→ **ABOUT THIS EXERCISE**
The whole listing should come back exactly as written, except for the pictures.

→ **DATASET CONTENT**

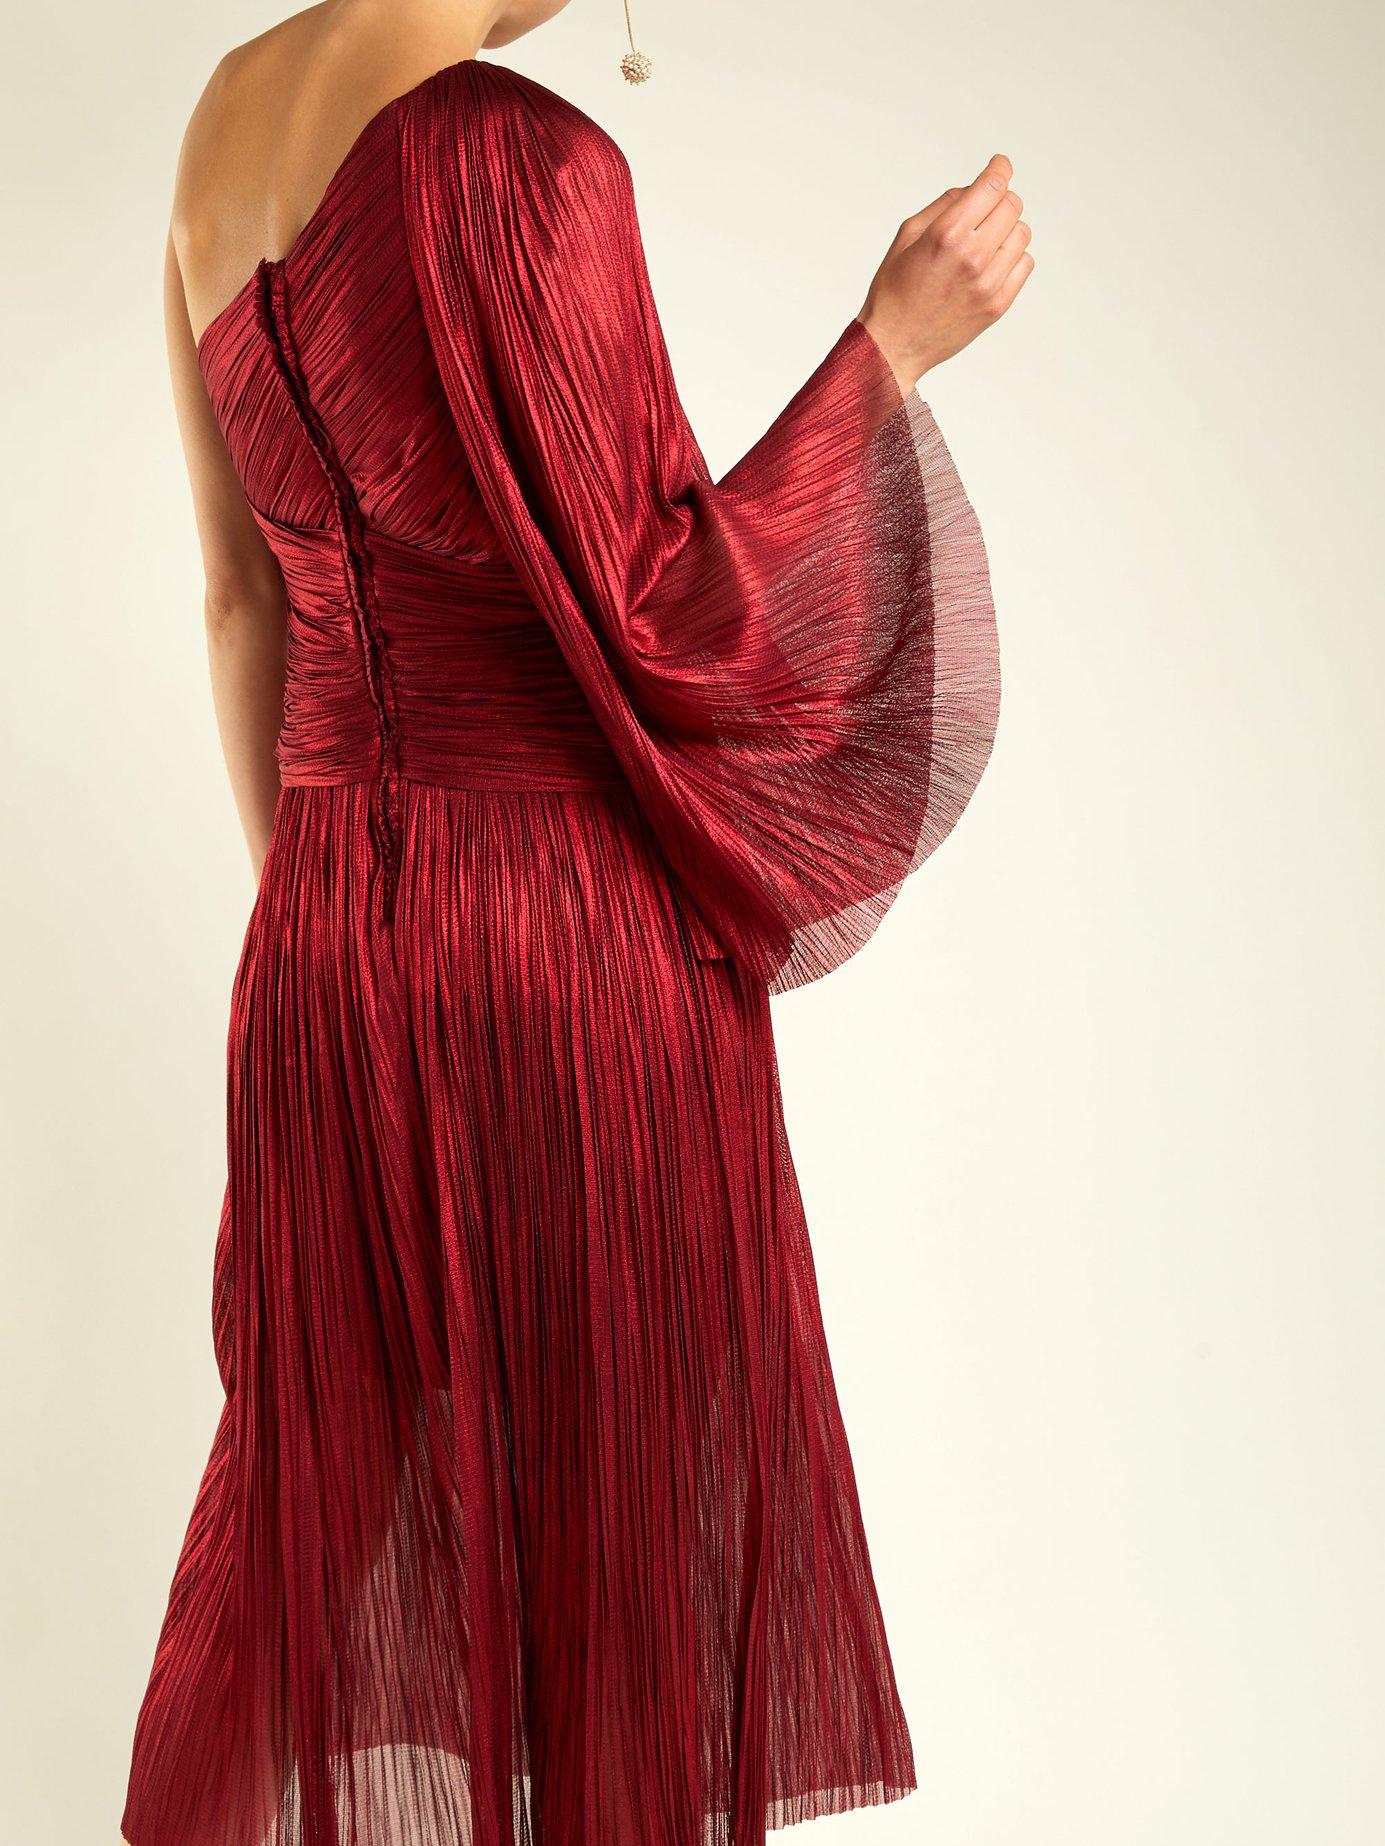 Aquila one-shoulder silk dress by Maria Lucia Hohan
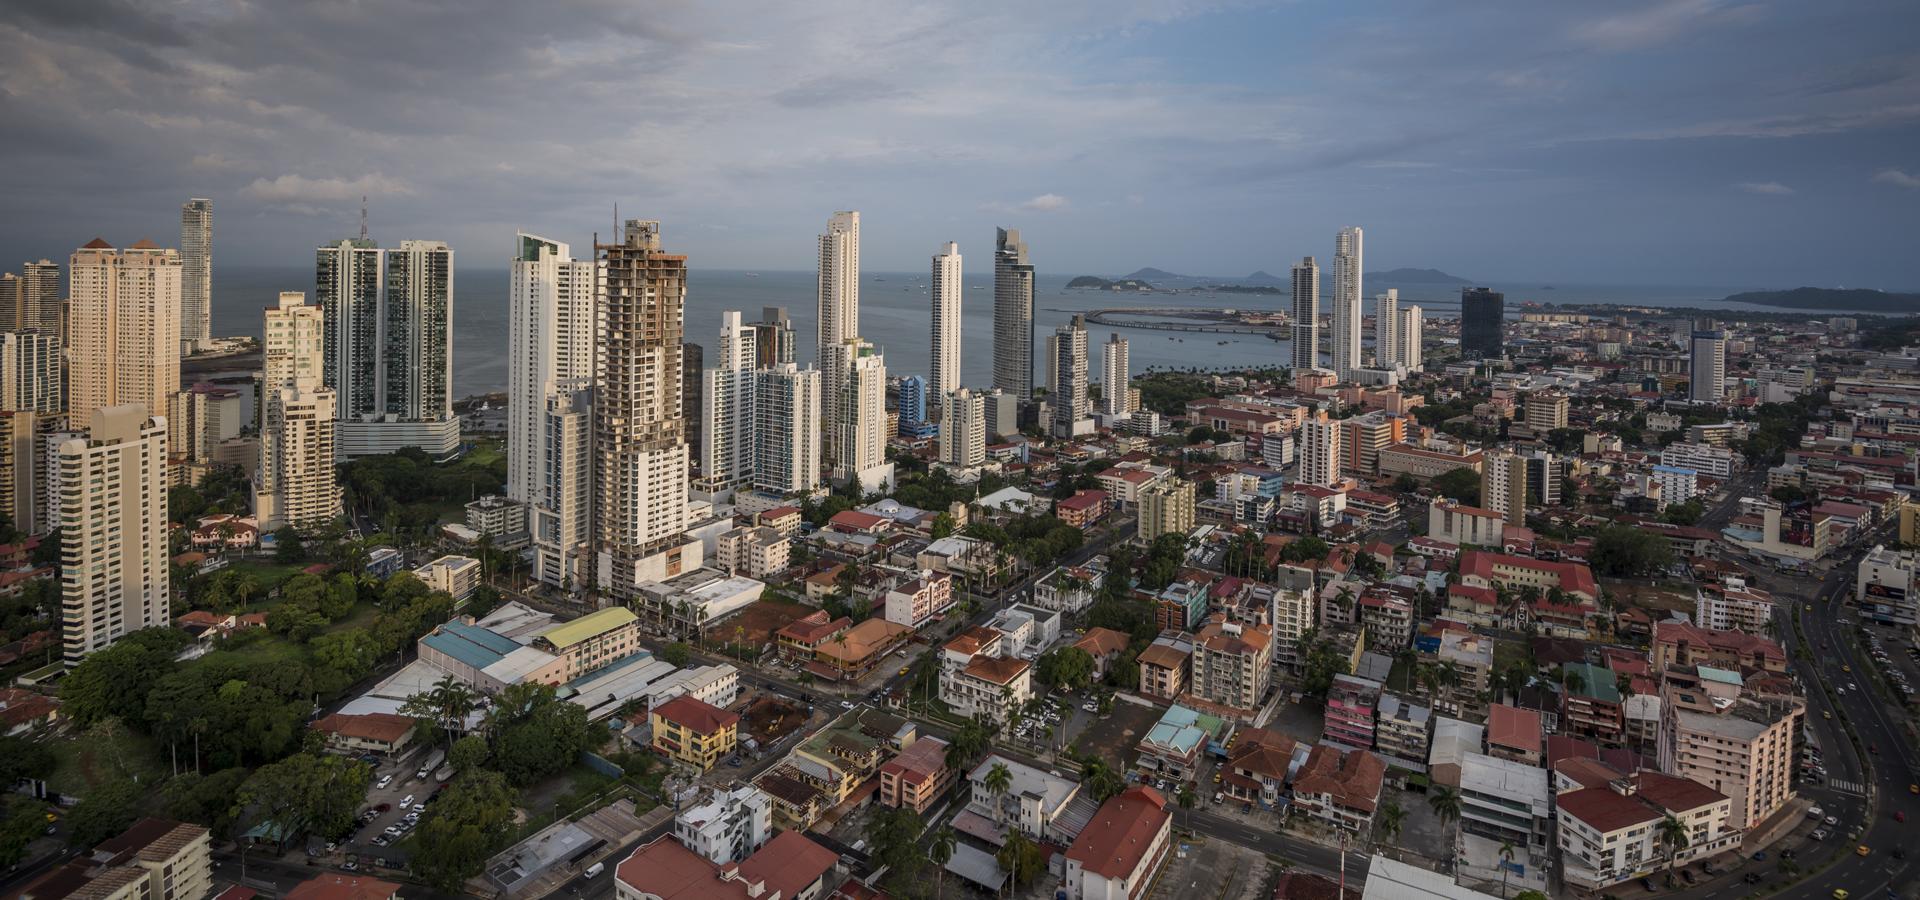 Peer-to-peer advisory in Panama City
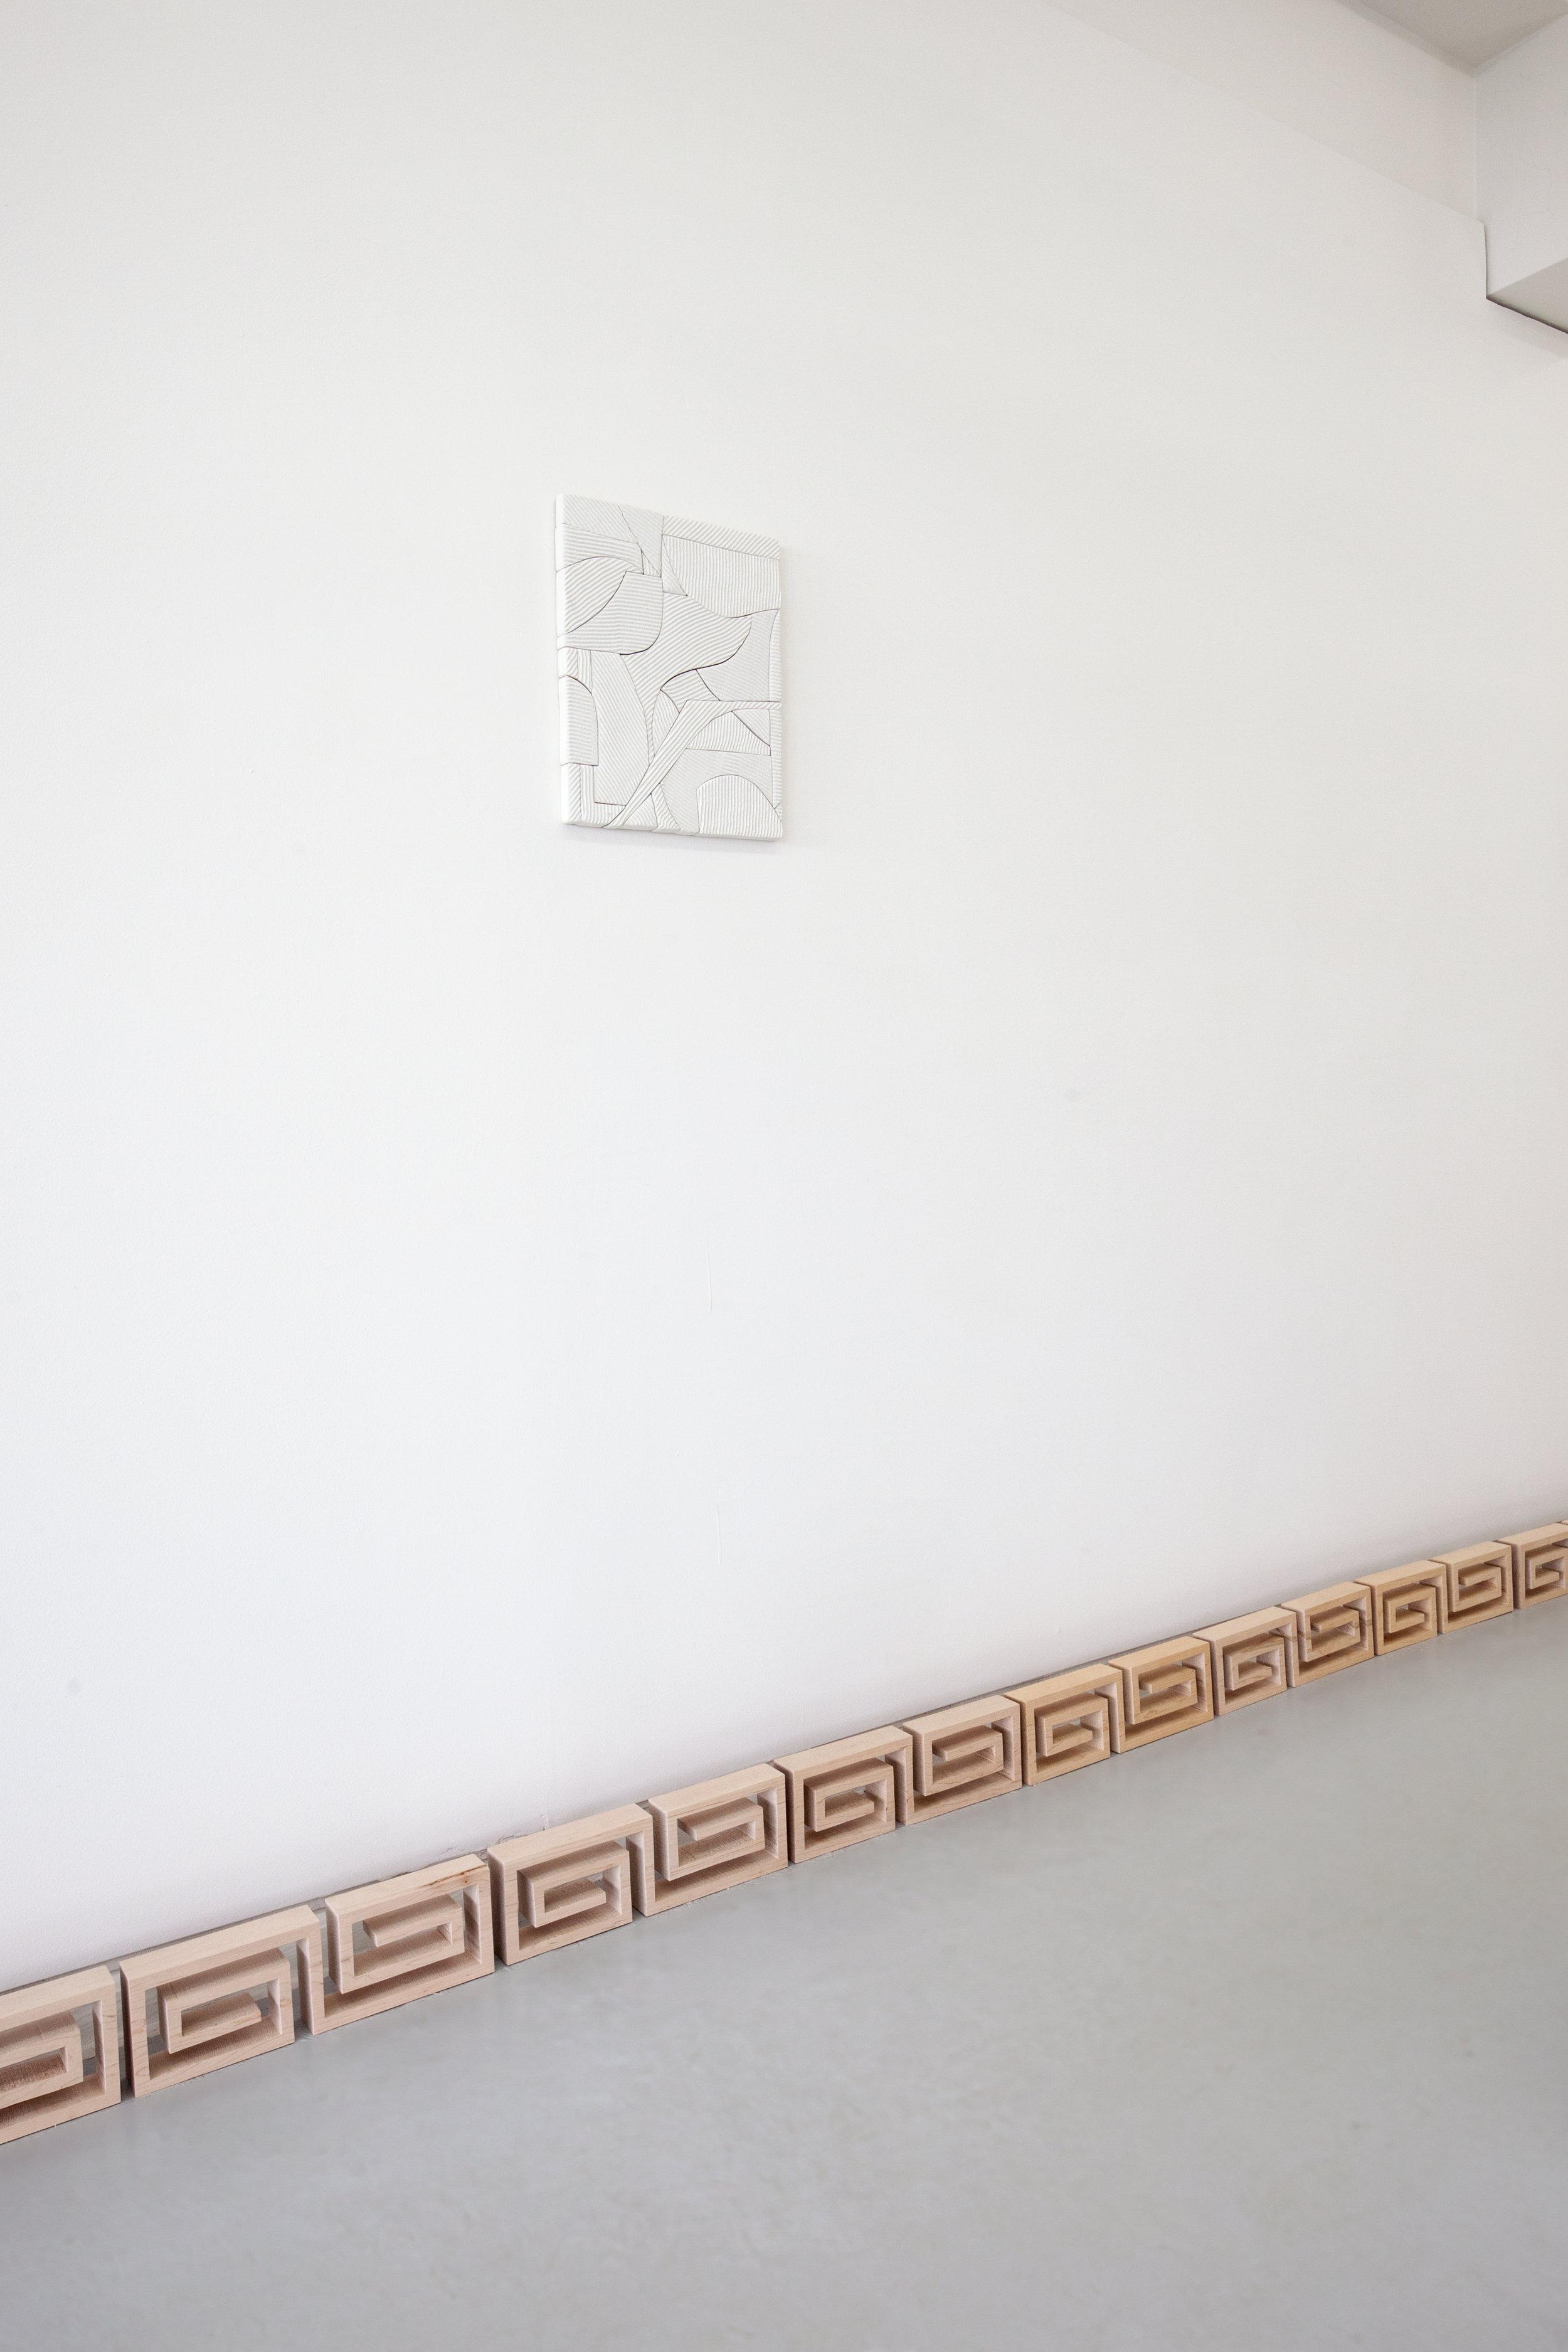 Elizabeth_Atterbury-Night_Comes_In-Installation_View_010.jpg

→ **EXERCISE RESULT**
 Aquila one-shoulder silk dress by Maria Lucia Hohan
 Peer-to-peer advisory in Panama City
 Elizabeth_Atterbury-Night_Comes_In-Installation_View_010.jpg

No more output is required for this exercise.